Import a Databricks Notebook

Next, we need to import the notebook that we will execute via API. I have created a basic Python notebook that builds a Spark Dataframe and writes the Dataframe out as a Delta table in the Databricks File System (DBFS).

Download the attachment 'demo-etl-notebook.dbc' on this article – this is the notebook we will be importing.

Open up Azure Databricks. Click Workspace > Users > the carrot next to Shared. Then click 'Import'.

Shows the Databricks Workspace menu to import a new notebook.  Click Workspace, Shared, the carrot next to shared, and then import.

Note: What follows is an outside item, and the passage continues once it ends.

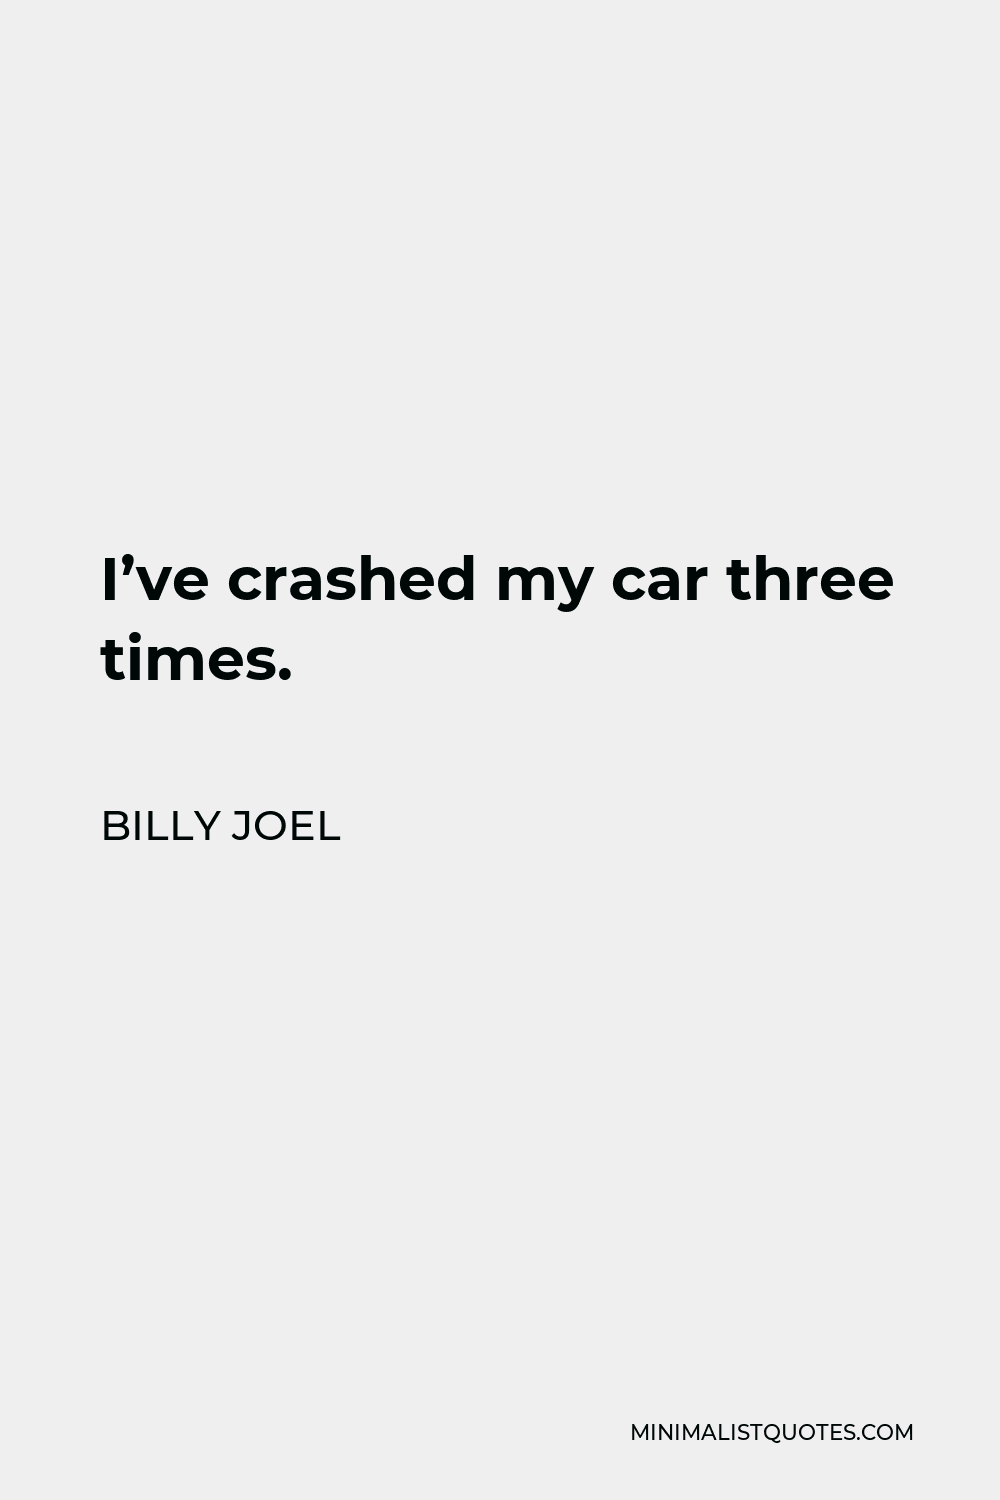 Billy Joel Quote - I’ve crashed my car three times.

Browse to the file you just downloaded and click import. We are now ready to turn this notebook into a Databricks Job.

Create a Databricks Job

Databricks Jobs are Databricks notebooks that have been wrapped in a container such that they can be run concurrently, with different sets of parameters, and not interfere with each other. Jobs can either be run on a schedule, or they can be kicked off immediately through the UI, the Databricks CLI, or the Jobs REST API. The Jobs REST API can be used to for more than just running jobs – you can use it to create new jobs, delete existing ones, get info on past runs, and much more.

To build our Job, navigate to the Jobs tab of the navigation bar in Databricks.

Shows the Databricks nav bar with the Jobs icon highlighted.

This brings us to the Jobs UI. Click on 'Create Job'.

The create job button on the Jobs UI.

The first thing we need to do is name our Job. As with everything, it is good to adopt a standard naming convention for your Databricks Jobs. An example convention: dbricks_<type>_<function>.

In the create a new Job UI, the name field highlighted.

The Job Id is set automatically. In this case, the JobID is 7.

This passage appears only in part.